Marcus Fulvius Bambalio was a nobleman of the Fulvia gens of ancient Rome, who lived in the 1st century BCE. Based on his cognomen, and invective directed at him by his contemporaries, he must have had a speech disorder ("Bambalio" is derived from the Greek verb βαμβάλειν, meaning "to stutter"). It is unclear what exactly his social rank was; scholars disagree on whether he was or was not a nobilis, as contemporary writers would draw unfavorable comparisons between Fulvius's social rank and that of his son-in-law, Mark Antony.

Though he may be said to be the "last of the noble Fulvii" -- in the sense that it was possible he was the last male of his line to bear the name -- more often he is described as dull and unpopular with his contemporaries. The writer Cicero called him "a complete nobody", and "stupid and ridiculous". Cicero in particular took the man's stutter as either evidence of, or a metaphor for, his poor moral character. There is no evidence that he ever ran for or held public office, possibly because of his stutter, as excellence in public speaking was a de facto requirement.

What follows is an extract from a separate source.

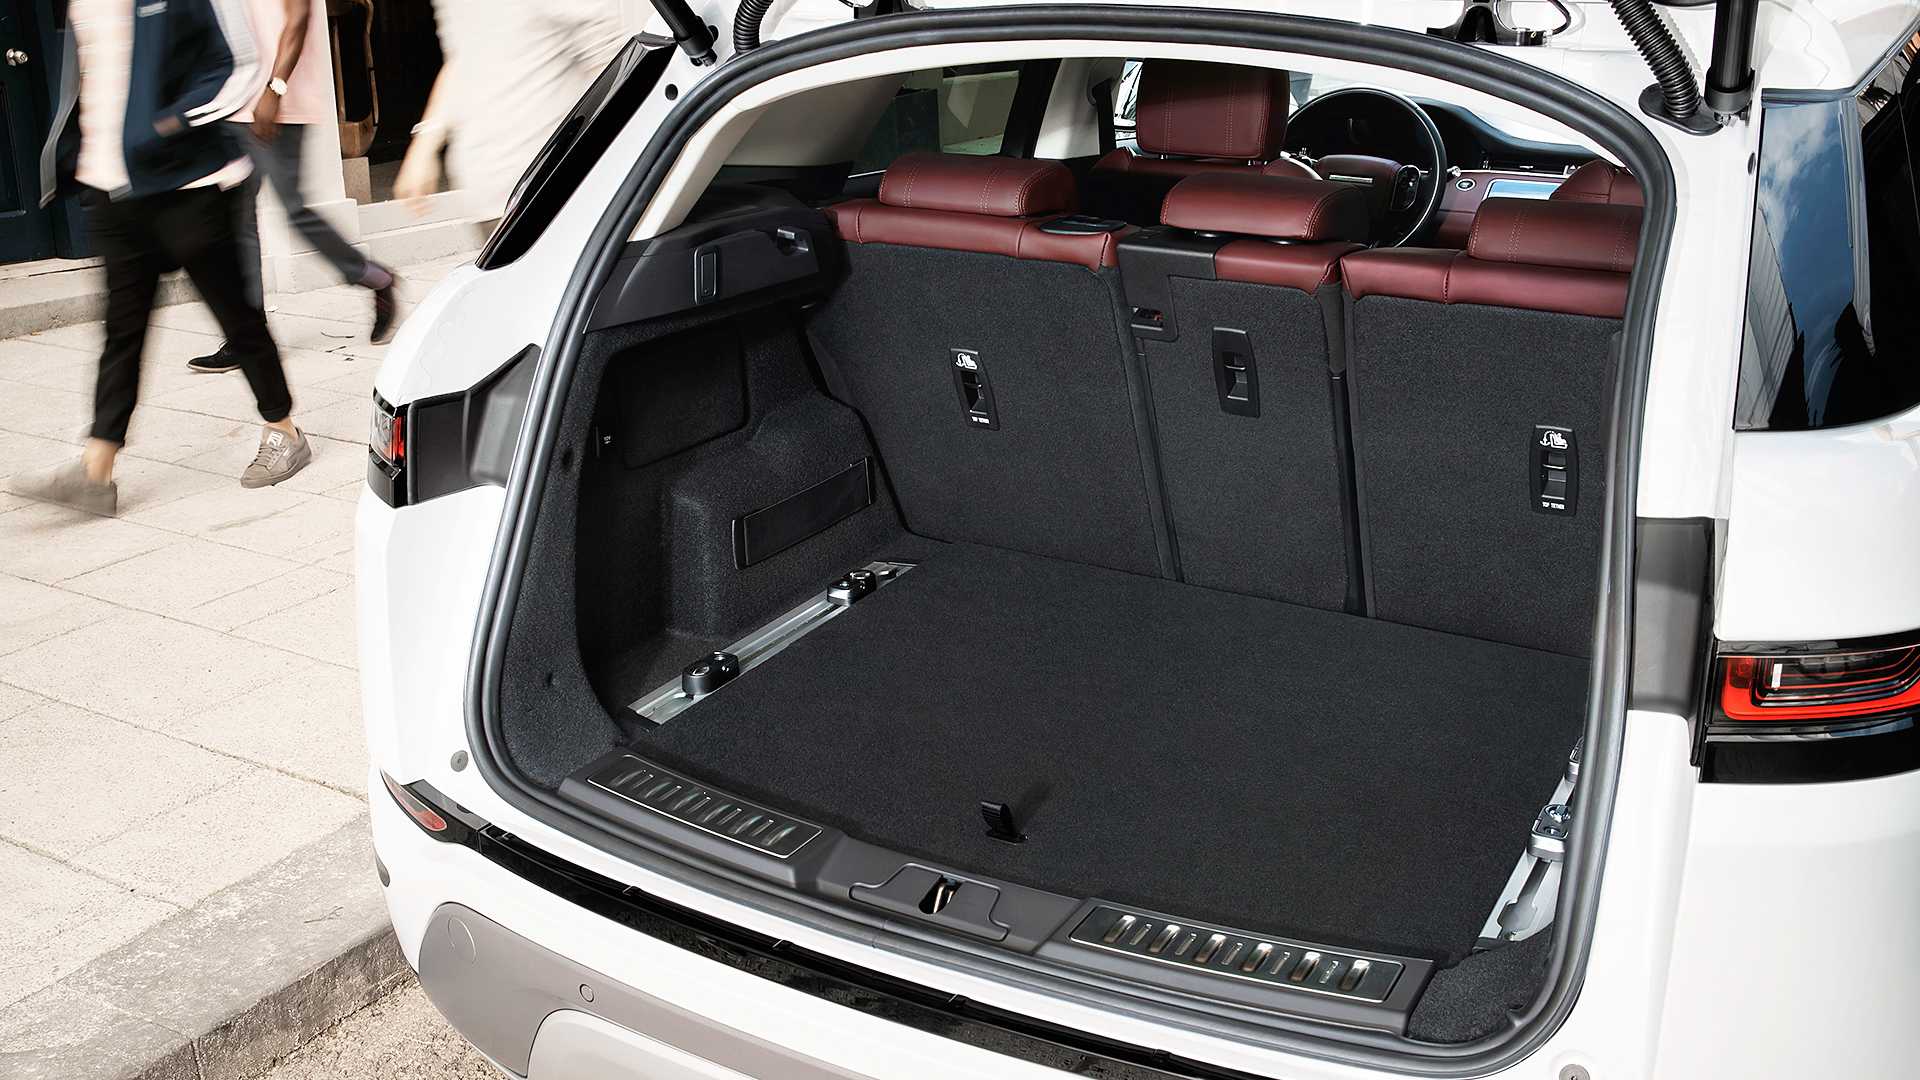 Oficial: nuevo Range Rover Evoque, información y fotos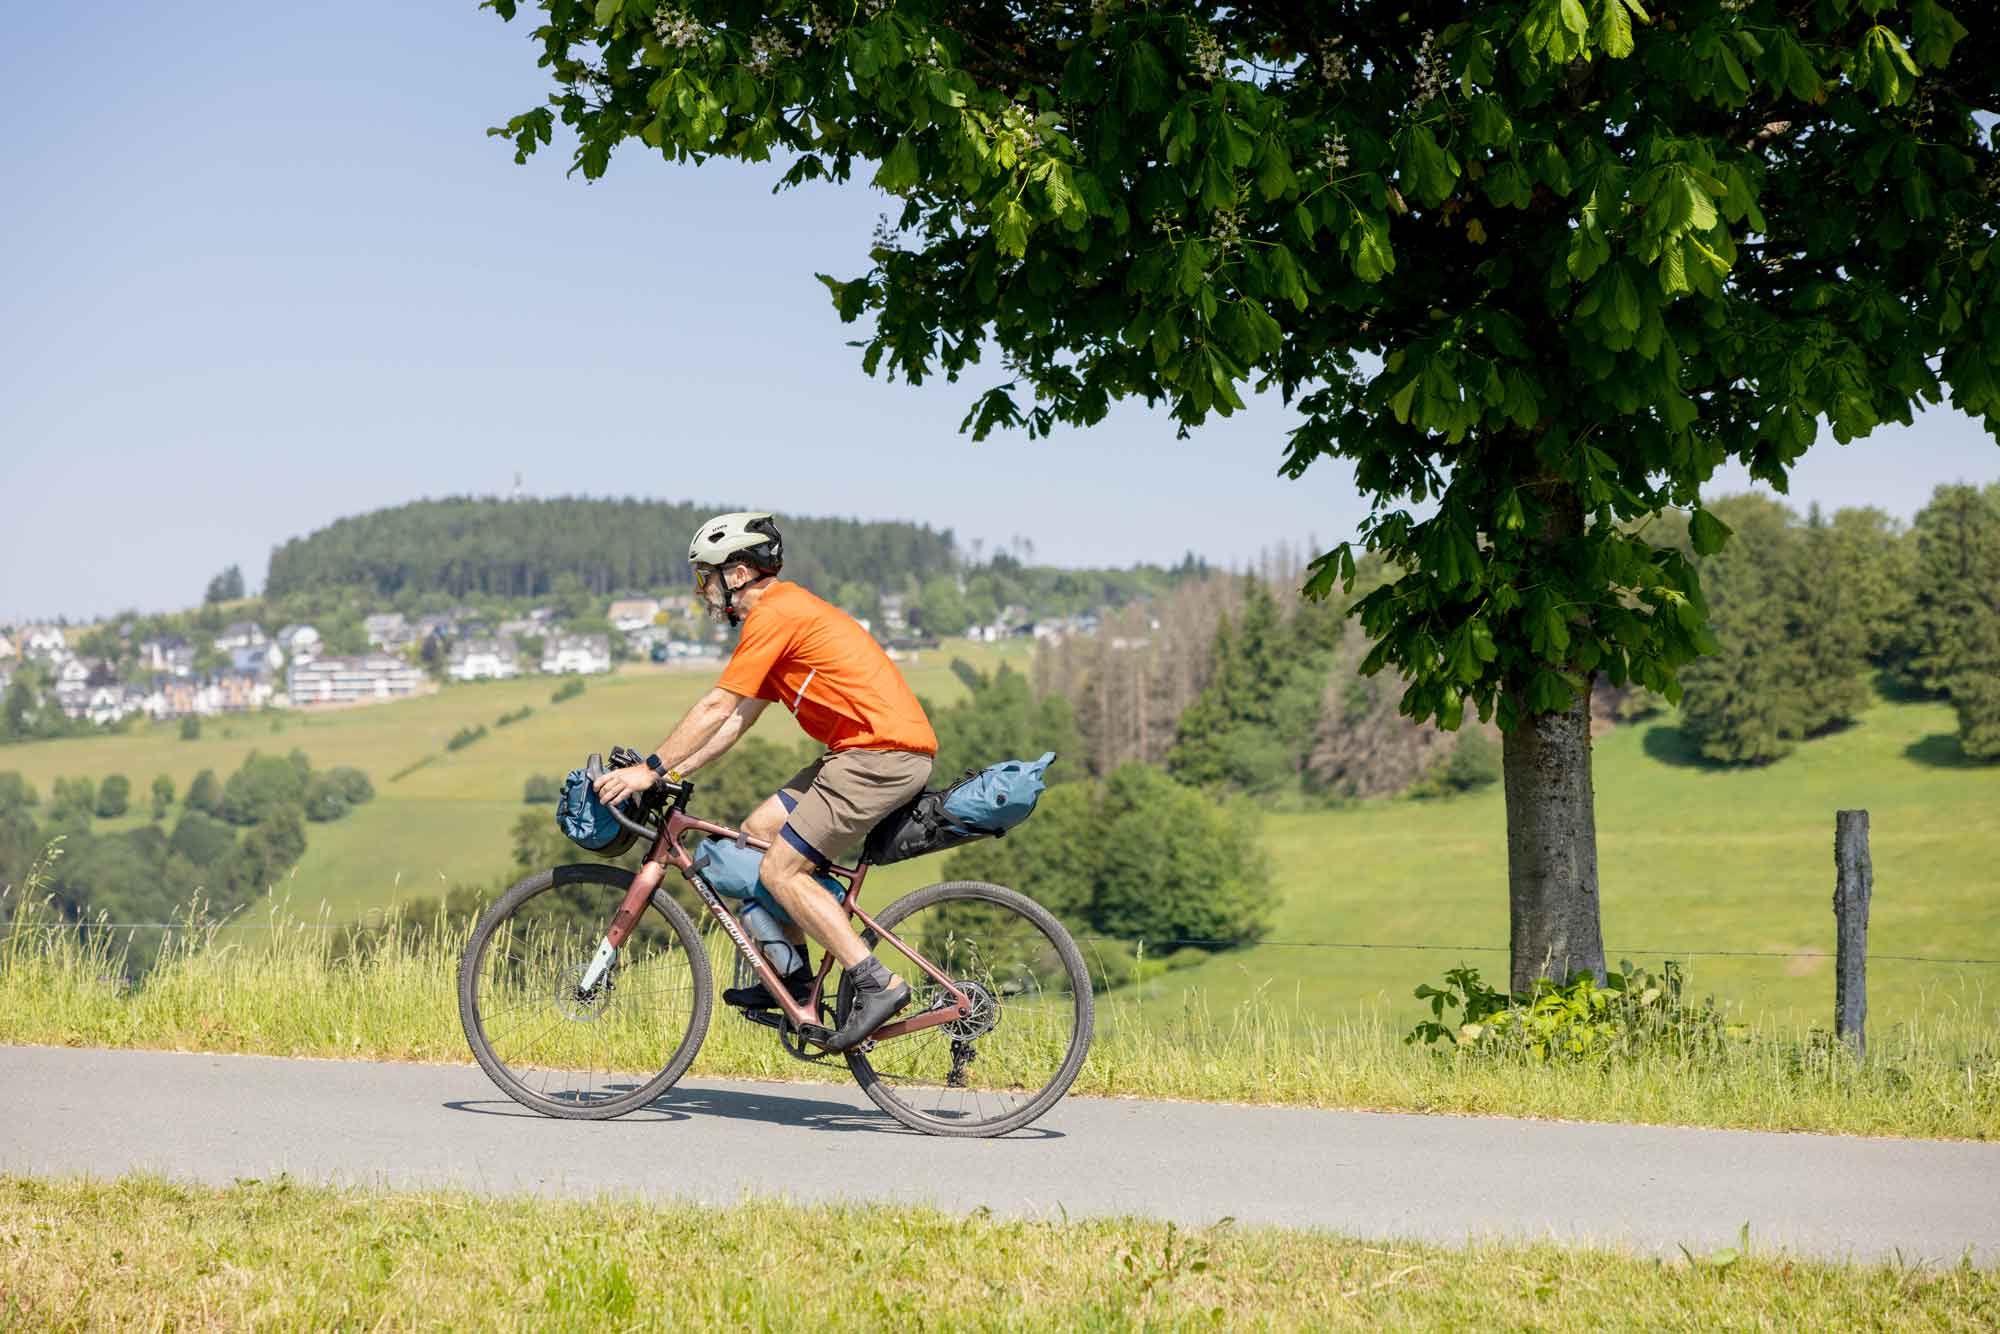 Das sauerland ist ein prima pflaster für unseren deuter bikepacking taschen test!

He was the second husband of Sempronia, daughter of Sempronius Tuditanus, with whom he had a daughter named Fulvia, who was first married to Publius Clodius Pulcher, then Gaius Scribonius Curio, and then finally the triumvir, Mark Antony, who received -- or inherited from Fulvius -- the nickname "Bambalio" on account of a certain hesitancy he had in his speech.

Sempronia's third husband, a man named Murena, made the paternal arrangements for his stepdaughter Fulvia's marriage to Clodius, which suggests Fulvius may have been dead by this time.